一种分布式数据库查询方法、装置及管理系统,该方法包括:根据接收到的查询语句在分布式数据库的查询缓存区中进行检索,其中,所述查询缓存区中保存有历史执行信息;以及在检索到与所述查询语句对应的历史执行信息的情况下,根据所述历史执行信息在所述分布式数据库中进行数据查询。

Description

分布式数据库查询方法、装置及管理系统 技术领域
本公开涉及数据库技术领域,例如涉及一种分布式数据库查询方法、装置及管理系统。
背景技术
随着数据库技术的日趋成熟,以及互联网应用的高速发展,数据库应用已普遍出现在互联网之上。相关技术中的集中式数据库系统也表现出不足之处,集中式数据库系统通常采用集中式管理,易造成数据库的性能瓶颈,单一的提高硬件性能已不能满足互联网的大数据量高并发查询及写入的需求,同时会产生大量的硬件维护成本和升级费用。此外,数据库的集中管理可能造成多个数据库关联,一旦一台数据库崩溃,将造成整个数据库系统崩溃,所以分布式数据库系统逐渐发展起来。

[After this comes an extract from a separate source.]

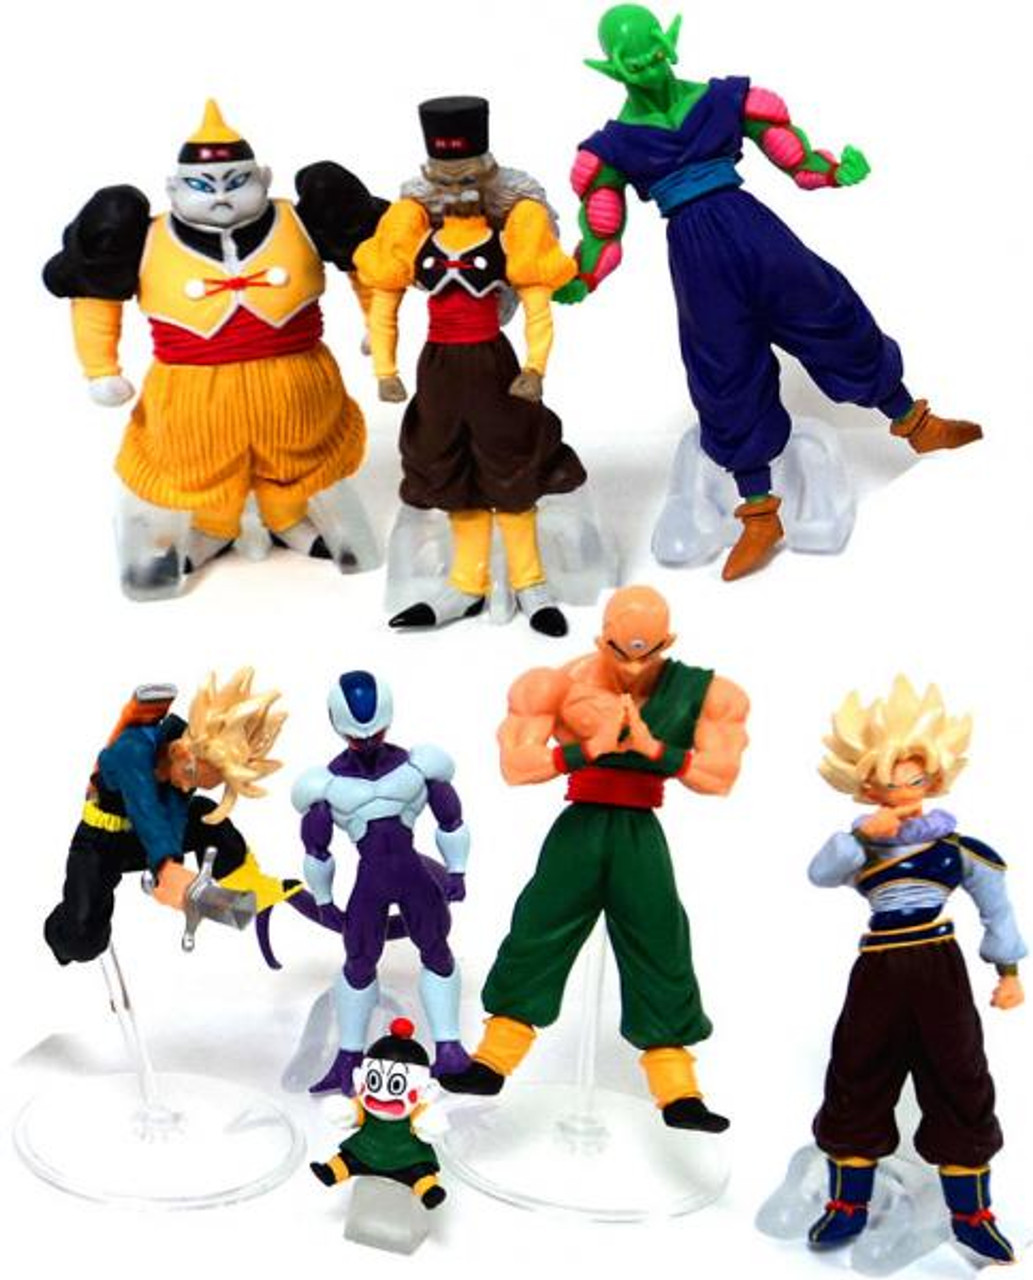 Dragon Ball Z Set of 7 Conflict 3.5-Inch Mini PVC Figures

分布式数据库系统中的数据位于大量不同的数据节点上,在查询及存取数据的过程中会不可避免的加重系统的性能负担,进而造成查询时延增加及并发度降低的问题。相关的分布式查询技术中,一般以单机数据为基础,查询技术局限在缓存历史查询结果数据以及对语句进行预编译等方面,无法解决分布式数据库查询时延较长及并发度较低的问题。
发明内容
本实施例提供了一种分布式数据库查询方法、装置及管理系统,以至少解 决相关技术中分布式数据库查询时延较长、并发度较低的问题。
本实施例提供了一种分布式数据库查询方法,可以包括:
根据接收到的查询语句在分布式数据库的查询缓存区中进行检索,其中,所述查询缓存区中保存有历史执行信息;以及
在检索到与所述查询语句对应的历史执行信息的情况下,根据所述历史执行信息在所述分布式数据库中进行数据查询。

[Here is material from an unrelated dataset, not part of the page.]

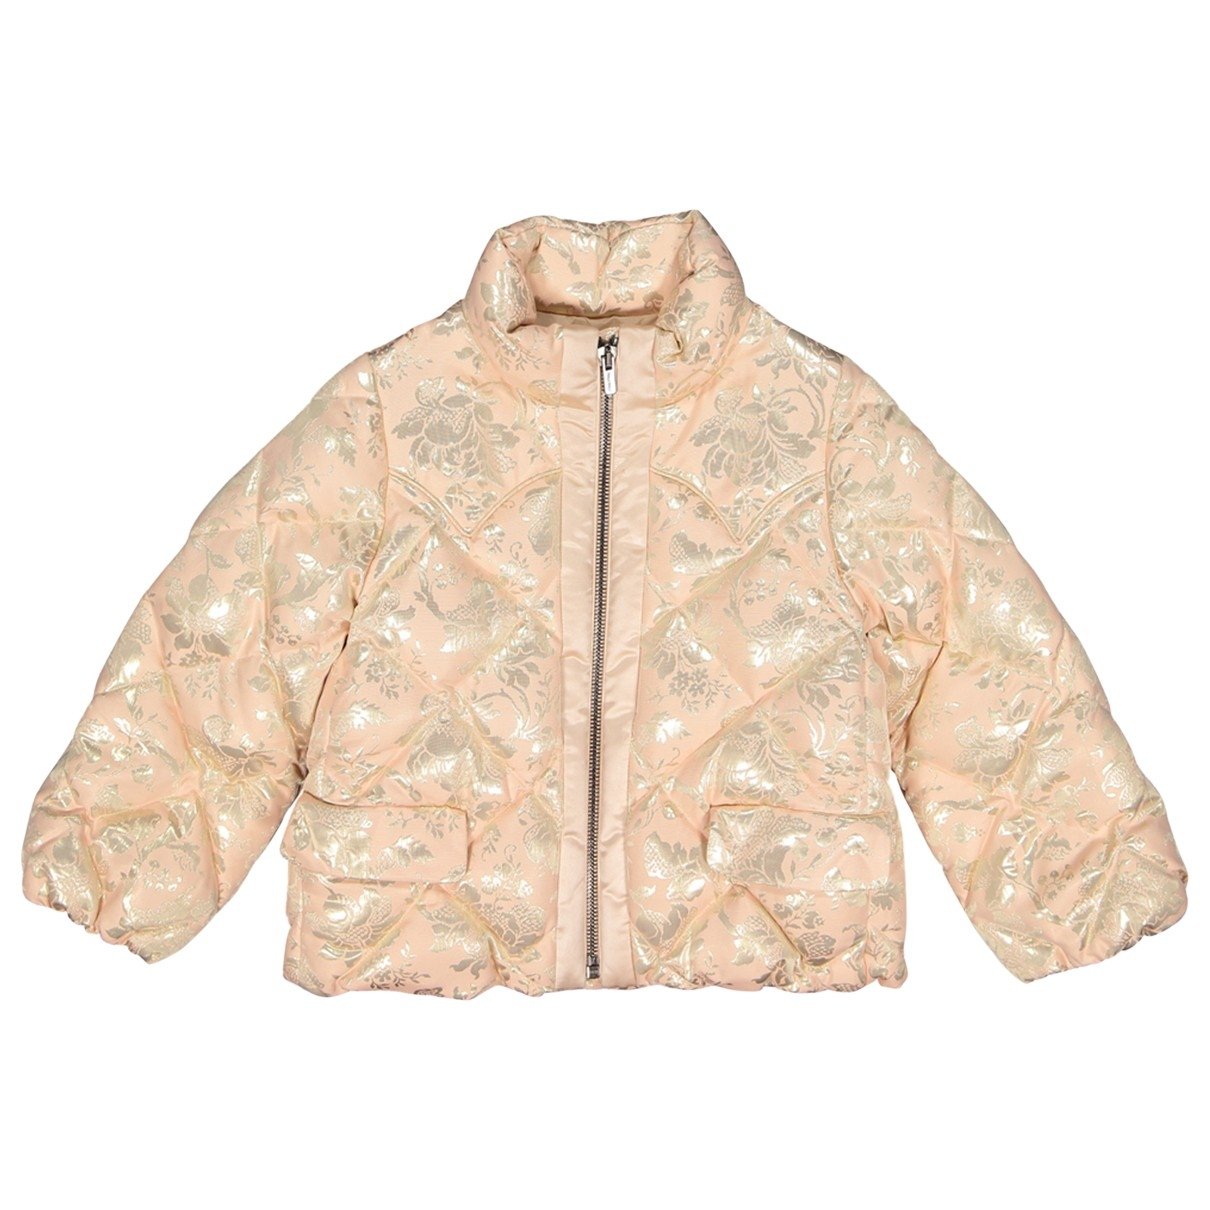 Miu Miu - Manteau   pour femme - rose

可选地,上述的历史执行信息可以包括表数据分布信息、目的数据库信息、常量替换的位置信息中的一项或多项。
可选地,所述根据接收到的查询语句在分布式数据库的查询缓存区中进行检索,包括:用预设字符替换所述查询语句中的常量得到新的查询语句,对所述新的查询语句进行哈希计算,生成对应的哈希值;以及根据所述哈希值在所述查询缓存区中进行检索。可选地,在根据接收到的查询语句在分布式数据库的查询缓存区中进行检索之前,还包括:收集历史查询过程中的历史执行信息;以及在所述历史执行信息符合预设规则的情况下,将所述历史执行信息保存到所述查询缓存区中。

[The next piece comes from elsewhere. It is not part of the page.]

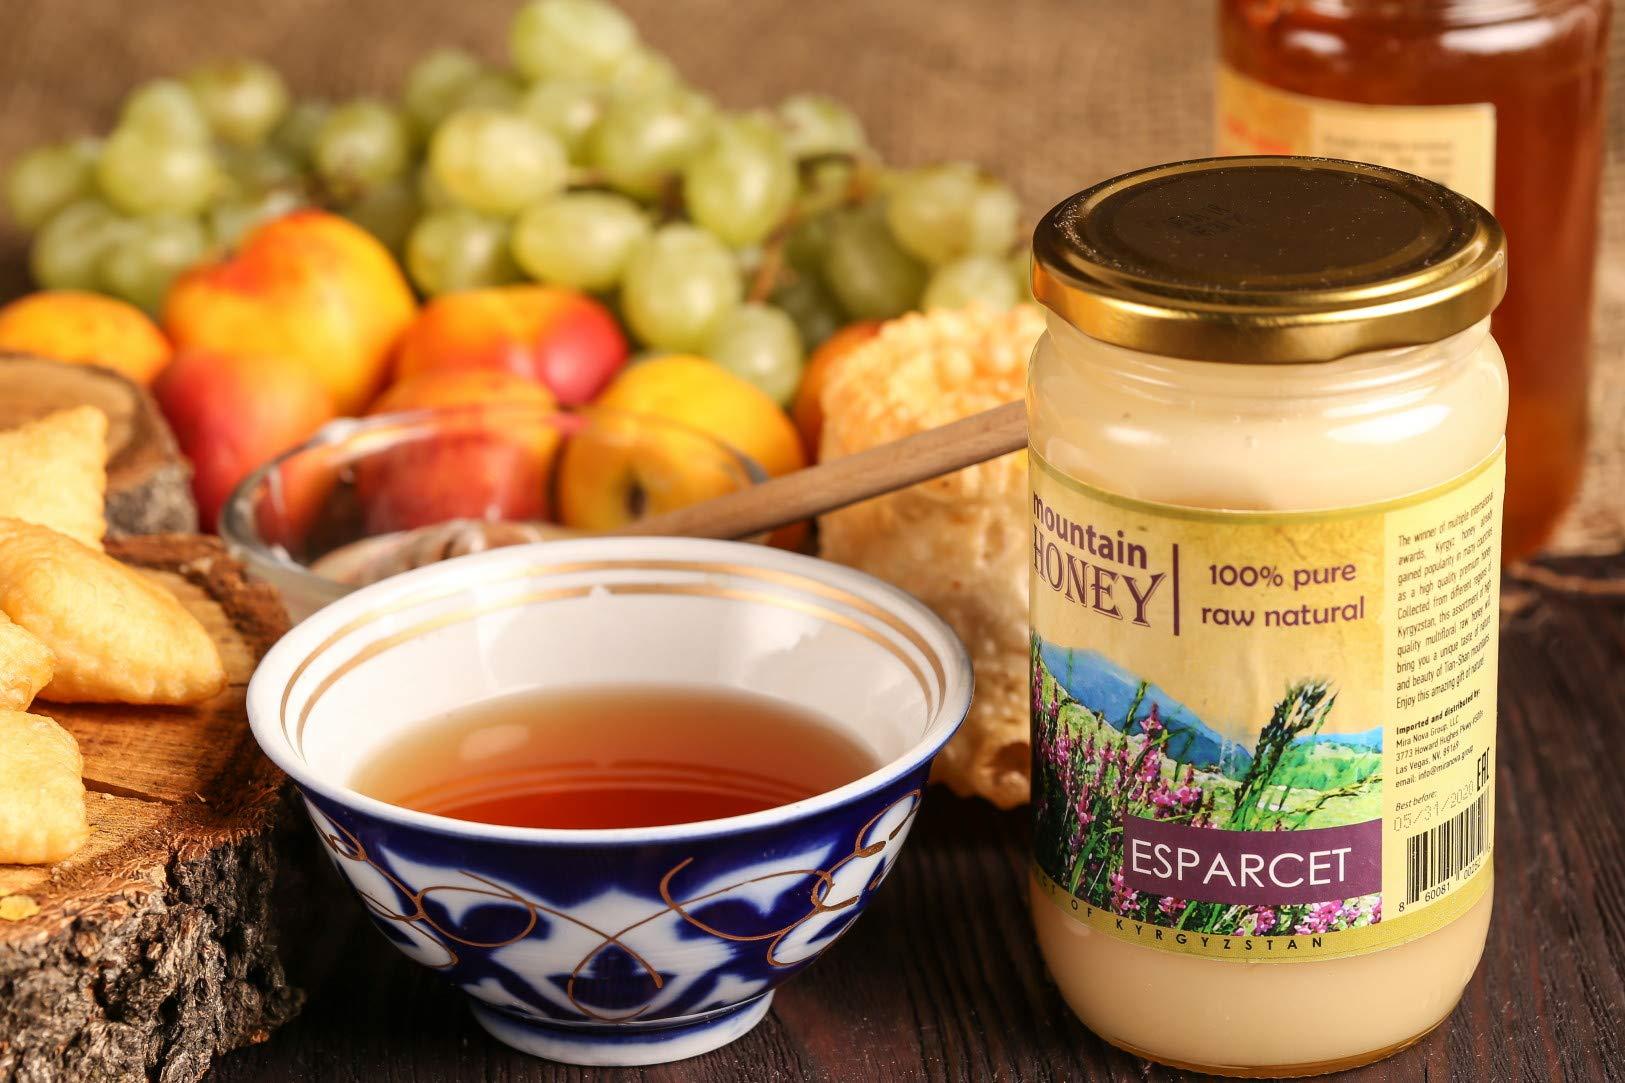 Kyrgyz Honey; Esparcet Raw Natural Sainfoin Mountain Honey; 17.63 Ounce Glass Jar by Mira Nova (Image #4)

可选地,在所述历史执行信息符合预设规则的情况下,将所述历史执行信息保存到所述查询缓存区中,包括:判断所述历史查询过程中查询的数据是否需要所述分布式数据库的多个数据节点进行计算处理;以及在所述历史查询过程中查询的数据不需要所述多个数据节点进行计算处理时,将所述历史执行信息保存到所述查询缓存区中。
本实施例还提供了一种分布式数据库查询装置,设置于分布式数据库管理系统中,可以包括:
检索模块,设置为根据接收到的查询语句在分布式数据库的查询缓存区中 进行检索,其中,所述查询缓存区中保存有历史执行信息;
执行模块,设置为在所述检索模块检索到与所述查询语句对应的所述历史执行信息的情况下,根据所述历史执行信息在所述分布式数据库中进行数据查询。
可选地,上述的历史执行信息可以包括表数据分布信息、目的数据库信息和常量替换的位置信息中的一项或多项。可选地,上述检索模块,语法分析单元,设置为用预设字符替换所述查询语句中的常量得到新的查询语句,对所述新的查询语句进行哈希计算,生成对应的哈希值;以及检索单元,设置为根据所述哈希值在所述查询缓存区中进行检索。
可选地,上述装置还包括:收集模块,设置为在根据接收到的查询语句在分布式数据库的查询缓存区中进行检索之前,收集历史查询过程中的历史执行信息;以及缓存模块,设置为在所述历史执行信息符合预设规则的情况下,将所述历史执行信息保存到所述查询缓存区中。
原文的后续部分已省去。